Japanese iron-clad social rules, though unwritten, indicate to mothers that they have a social "duty" to abort "surplus" children. Public opinion is centered around a two-child family, and questions about that attitude are not encouraged. Families are shoe-horned into two-child apartments; mothers need to find a part-time job to supplement income, so that the two darlings can be pampered and dressed and over-educated to keep up with the fashion. Surprisingly, however, not all families bow to the de rigueur expectations of the public consensus. One out of six families, even in today's Japan, includes more than two children. In 1992, 203,221 children were born into families which already had two, three, four, and up to ten previous births.

But even including all the larger families, national birth statistics indicate an average of only 1.5 children born for every two parents-a figure that leaves Japan 25 percent short of the number of births required simply to replace the current adult population. "Fewer births is better," was the message which national leaders blared across the nation in 1946, and the nation has not shut off that loudspeaker even today (1996); most mothers toe the line, as they did in 1946.

Japanese society, however, in contrast to that of America, allows mothers to grieve for what they do to their unscheduled children; to sympathize with their lost treasures, dispatched from the darkness of the womb to the darkness of the nether world. The ritual grieving brings to the surface the bitter sorrow of lost motherhood and helps them to deal with this trauma.

A Threatened Curse

The Sakakibara "Great Kannon Temple" in Mie Prefecture caters to grieving parents as its mainline business. Its 90 foot high gold-covered statue of the Kannon goddess attracts visitors from far and wide, and its remote location permits parents to grieve without danger of being seen by the neighbors. To drum up business some years ago, this and other temples resorted to questionable advertising. Modern Japanese may make a public show of having risen above ancient folklore, but astute promoters of the temple's business ignored the pretext of immunity to superstition. Instinctively they went for the jugular vein of psychic unrest, and gnawed at the vitals of submerged and unresolved fears. Some hinted darkly at tatari, a curse which a restless child in the other world can bring upon a family because of an abortion; the curse can lead to divorce, an automobile accident, a loss of job, or failure in an entrance exam. "We can bring your child to peace" so guaranteed a typical ad. Here is a translation of an ad:

Bring peace to your child, abandoned now and alone on the banks of the River Sai; demons bully him there, making him pile up stone stupas, which the demons kick down again. Our Kannon is equipped to save your child. She has large hands, with webbing between the fingers; she can pick up your shredded and smashed child whole, press him to her bosom tenderly and reverently, then convey him across the River Sai; family ancestors will meet him there and admit him to their company. There at last, the child will be peaceful, and you are safe from its avenging anger.

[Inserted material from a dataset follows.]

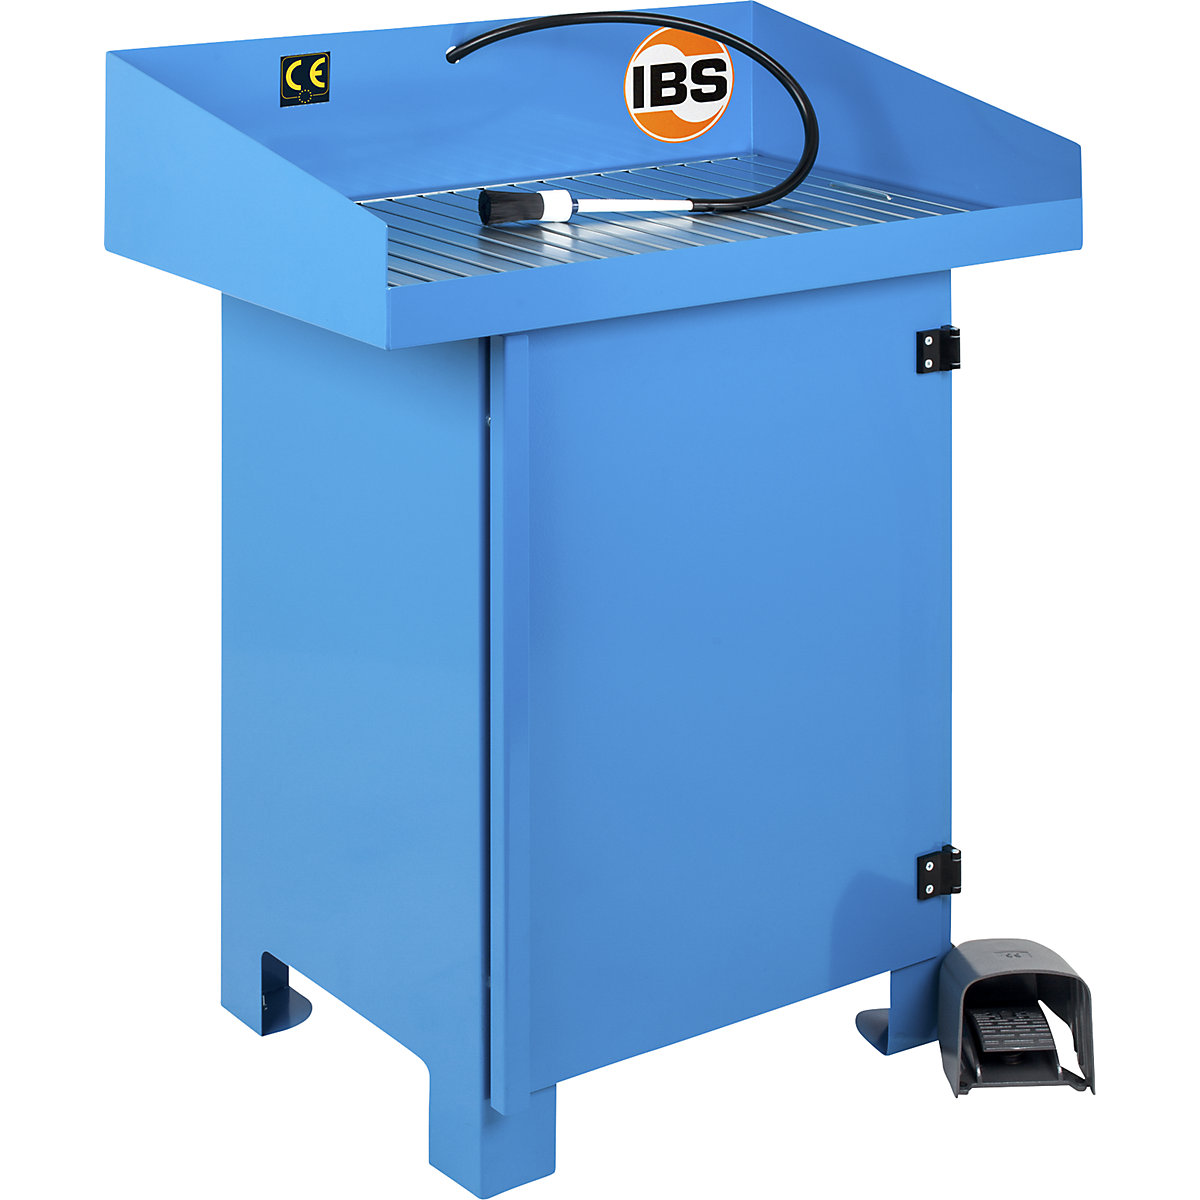 Free standing parts cleaner, closed – IBS Scherer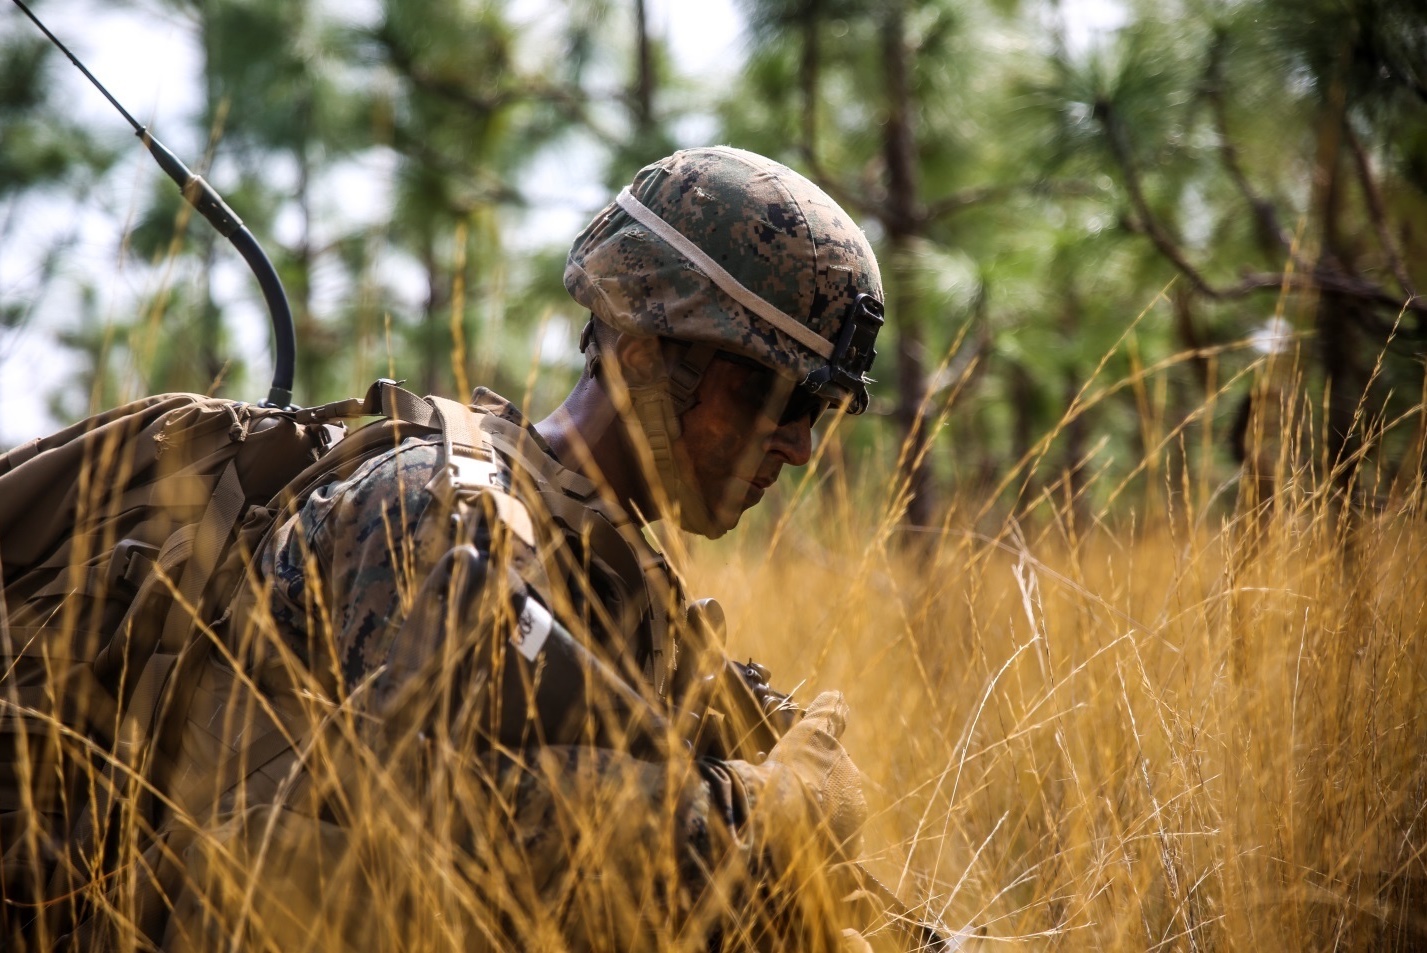 A Marine takes cover in the high grass during an amphibious field exercise aboard Marine Corps Base Camp Lejeune, N.C

For greater convenience, the ad offered mail-order ceremonies. An order blank included lines on which to record the due-date of the child; it provided for up to five aborted children, at $100 each. Upon receipt of payment, a priest will perform the ceremony, and the applicant will receive a memorial card by return mail. Should the petitioner wish, the return envelope will be without the temple's address, to guard secrecy. The mailman need not know. The memorial card can be tucked into a hidden place of the house altar, advises the ad, and when parents hold the card in their hands, they can speak directly to the child, who will then learn about the parents' care and love.

The multi-million dollar success of the mizuko kuyoprayer industry in Japan indicates that grieving for an aborted child is an abiding need felt by parents. Although the folklore, if taken literally, defies credulity, it is perhaps little more than camouflage spread over the real fears and genuine feelings which tug at the parents' heartstrings.